Положения ст. 1234 ФГК подкреплялись нормами ст. 1302 и 1303 ФГК, более подробно определяющими правовые последствия гибели, изъятия из гражданского оборота или утраты имущества, являющегося предметом обязательства, и аналогичными нормами ст. 1193-1195 ФГК - применительно к альтернативным обязательствам.
В соответствии со ст. 1302 ФГК, если индивидуально-определенная вещь, которая была предметом обязательства, погибнет (физическая невозможность исполнения), или будет изъята из оборота (юридическая невозможность), или потеряется так, что будет совершенно неизвестно о ее существовании (обстоятельство, приравненное к гибели вещи), обязательство прекращается, если вещь погибла или была потеряна без вины должника и до того, как он допустил просрочку. Если же должник допустил просрочку, но не несет ответственность за случайное событие, приведшее к гибели или утрате предмета обязательства, то последнее прекращается в том случае, когда вещь одинаково погибла бы и у кредитора, если бы была передана последнему. Бремя доказывания наступления такого случайного события лежит на должнике. При этом каким бы образом ни погибла или ни была утрачена украденная вещь, ее гибель или утрата не освобождает того, кто ее похитил, от возмещения ее стоимости. Согласно ст. 1303 ФГК, если вещь погибла, была изъята из оборота или потеряна без вины должника, то он обязан, если у него имеются какие-либо права, относящиеся к этой вещи, уступить их своему кредитору. Относительно последнего правила М. Планиоль отмечал, что оно, заимствованное Р.-Ж. Потье из римского частного права, где право собственности на имущество не переходило в момент заключения договора, оказалось чуждым для французского гражданского права, основанного на противоположной системе перехода права собственности: «В действующем французском праве собственность переходит в силу самого закона вследствие одного соглашения, а потому право на иск. принадлежит покупщику, сделавшемуся собственником вещи; таким образом, у должника не осталось ничего для уступки» [8. C. 191]. Аналогичного мнения придерживался и Л. Жюллио де ла Морандьер [9. C. 580].
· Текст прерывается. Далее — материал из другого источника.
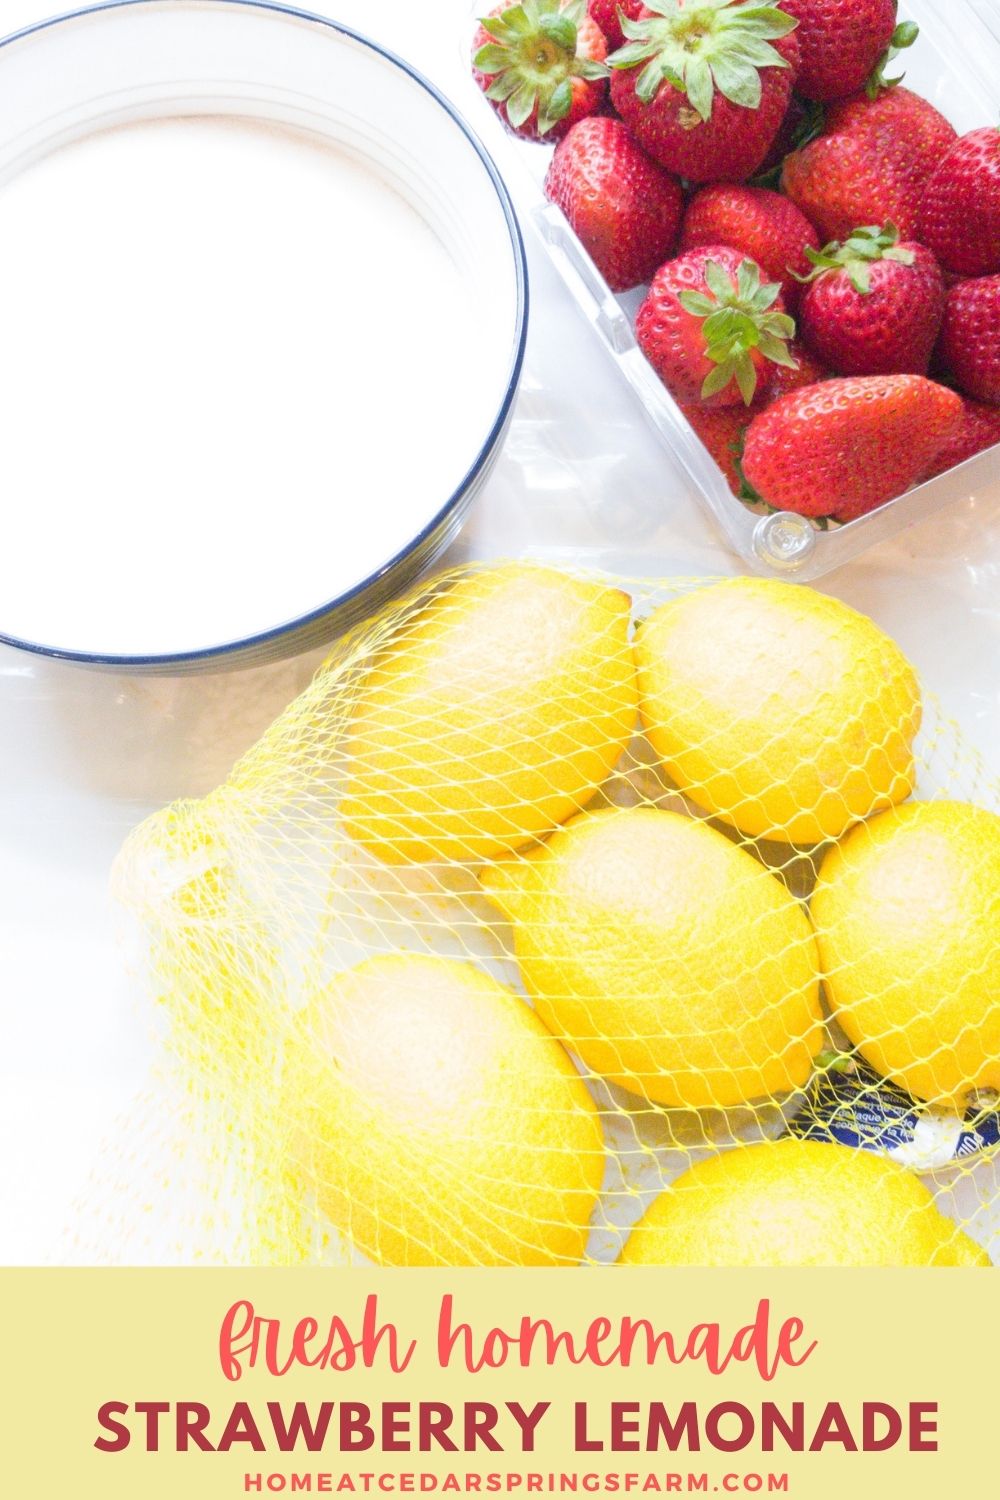 picture of strawberry lemonade ingredients with text overlay
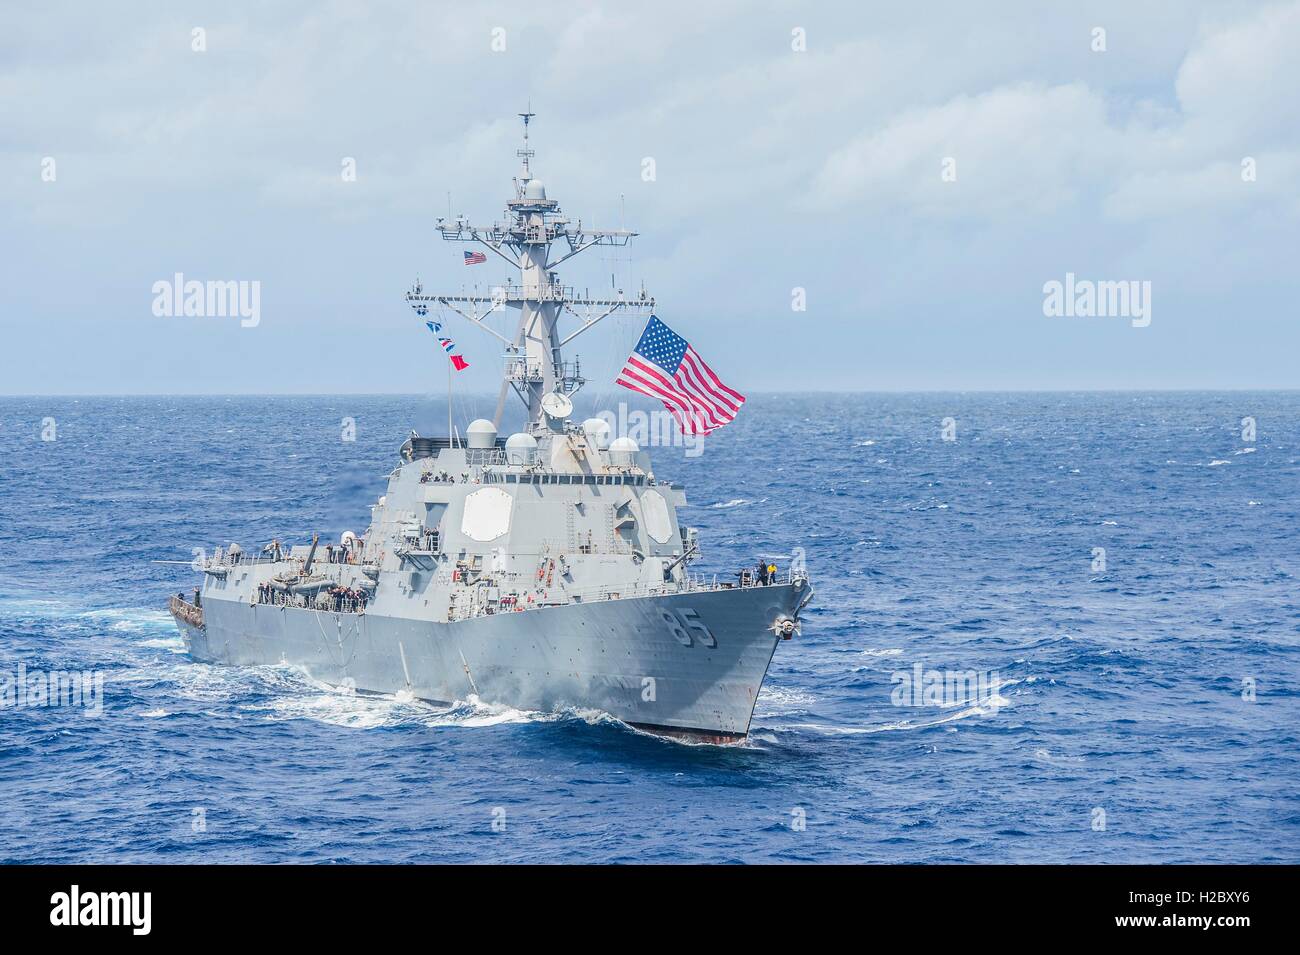 The USN Arleigh Burke-class guided-missile destroyer USS McCampbell steams in formation to signify the completion of Valiant Shield exercises September 23, 2016 in the Philippine Sea. Stock Photo

Следует отметить, что все изложенные правила были заимствованы французским законодателем из римского частного права. Во-первых, известное римское правило «род не гибнет» (genus non perit) находило отражение в ст. 1302 ФГК, где прямо говорилось о гибели, изъятии из оборота или потере исключительно индивидуально-определенной вещи.
Во-вторых, не были оригинальными и вышеприведенные правила распределения риска случайной гибели предмета обязательства. Он переходил на должника в случае допущения им просрочки исполнения (вор несет такой риск в любом случае по принципу odium furum). При этом ФГК предусматривал исключение: даже при просрочке должник не нес риск случайной гибели предмета обязательства, если предмет, будучи переданным
кредитору, все равно бы погиб или был утерян. Комментируя данное исключение, М. Планиоль отмечал, что «кредитор даже и в этом случае может иногда добиться удовлетворения от должника, находящегося в просрочке: а именно, он будет вправе требовать удовлетворения, если докажет, что перепродал бы вещь до гибели ее, и что вследствие этого потерю вещи понесло бы третье лицо - покупщик» [8. C. 190].
В-третьих, из ст. 1302 ФГК следовало, что прекращение обязательства наступало вследствие не только гибели его предмета или его изъятия из гражданского оборота, но и его потери: несмотря на то, что в последнем случае соответствующее имущество все-таки может быть передано во исполнение обязательства лицом, у которого оно фактически находится, законодатель квалифицировал эти обстоятельства в качестве объективной невозможности исполнения. Такой подход представляется вполне обоснованным, ведь новый владелец предмета обязательства может и не знать, кому оно принадлежало и кому должно быть передано; кроме того, пропавшее имущество может и не находиться у какого-либо третьего лица.
Наконец, ст. 1302 ФГК содержала распространенную в европейских гражданских кодификациях формулировку, также происходящую из римского права, согласно которой прекращение обязательства связывается лишь с невозможностью его исполнения вследствие обстоятельств, за возникновение которых должник не отвечает. Аналогичное правило было закреплено, например, в абз. 1 § 275 ГГУ до его реформы 2002 г.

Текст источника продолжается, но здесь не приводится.